§ Work instructions
Although the records contain pictures, none belong in the copy: restate word for word only the lines from the one with "Mercedes: Malajziában már" through the one with "Honda Super cub Custom", both included.

§ Information given
|---|
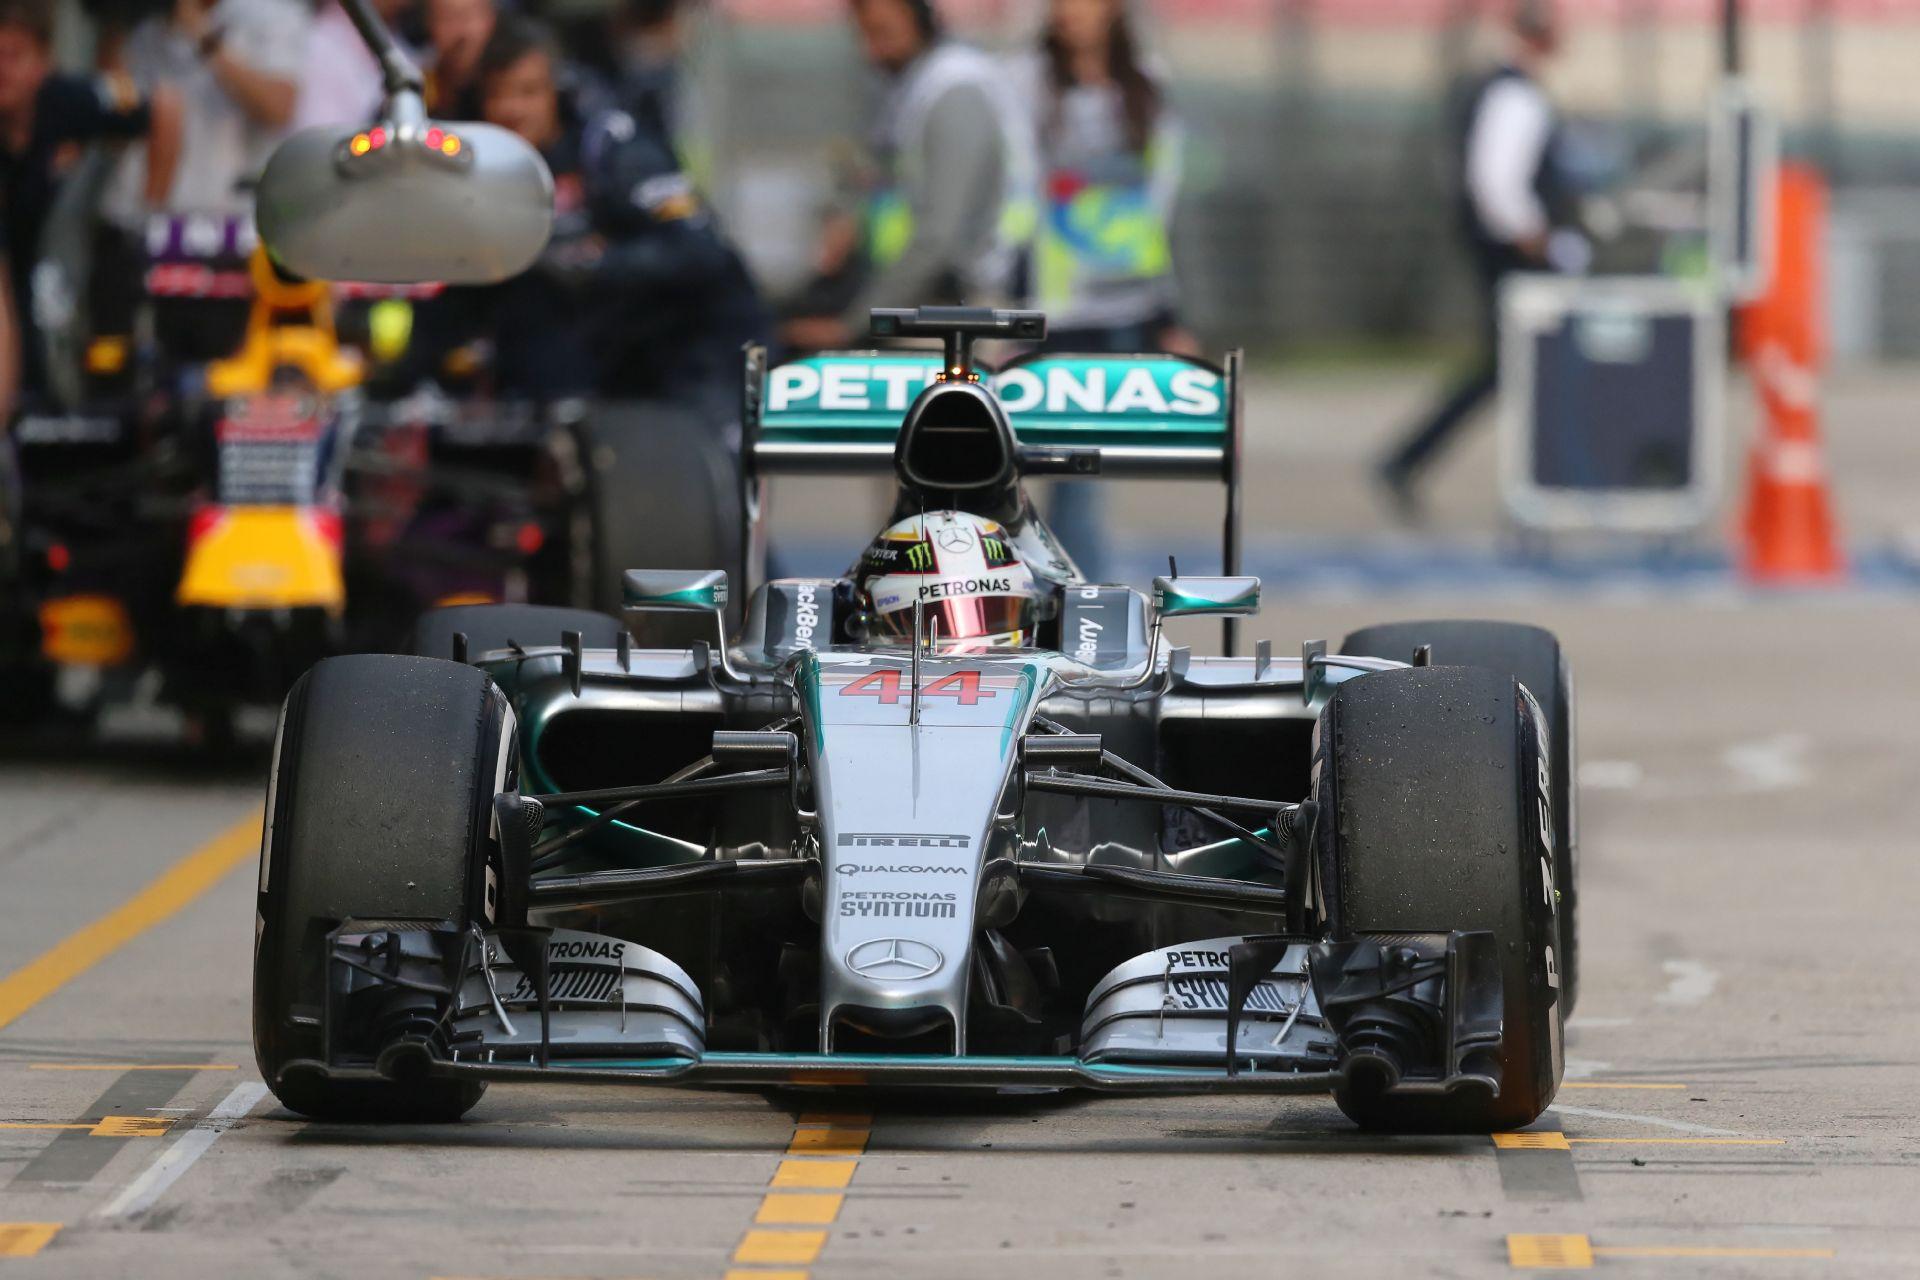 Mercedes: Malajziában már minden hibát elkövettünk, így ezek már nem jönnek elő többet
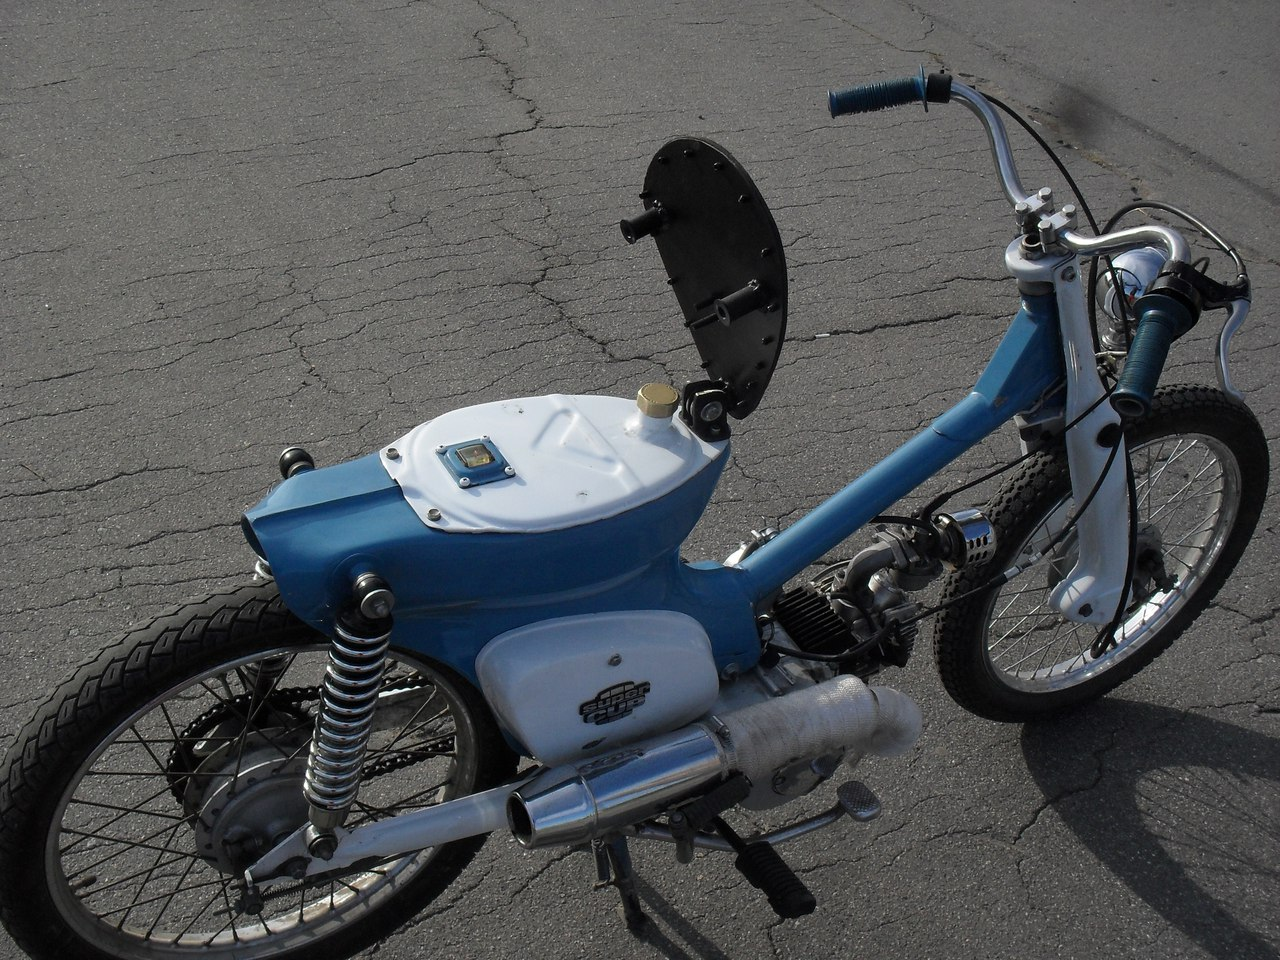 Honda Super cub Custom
|---|
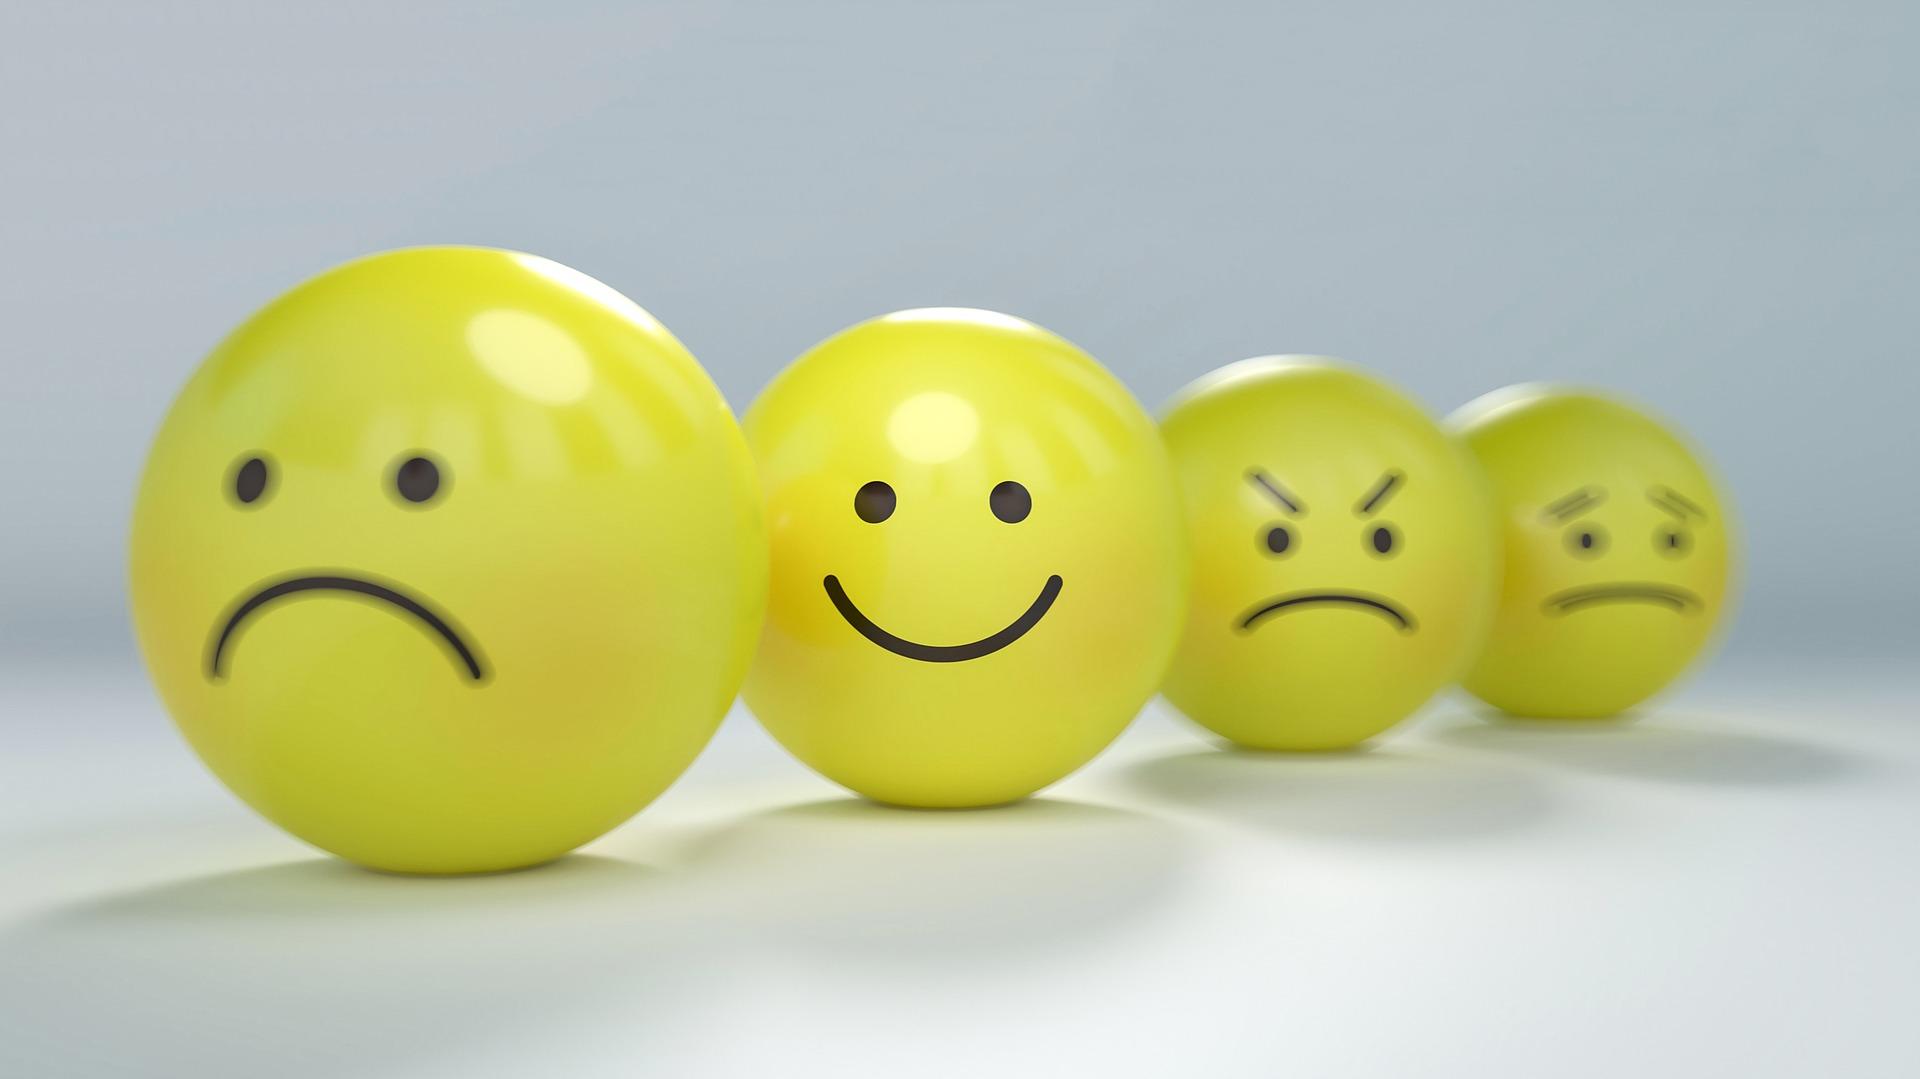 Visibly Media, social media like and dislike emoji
|---|
§ Answer area
 Mercedes: Malajziában már minden hibát elkövettünk, így ezek már nem jönnek elő többet
 Honda Super cub Custom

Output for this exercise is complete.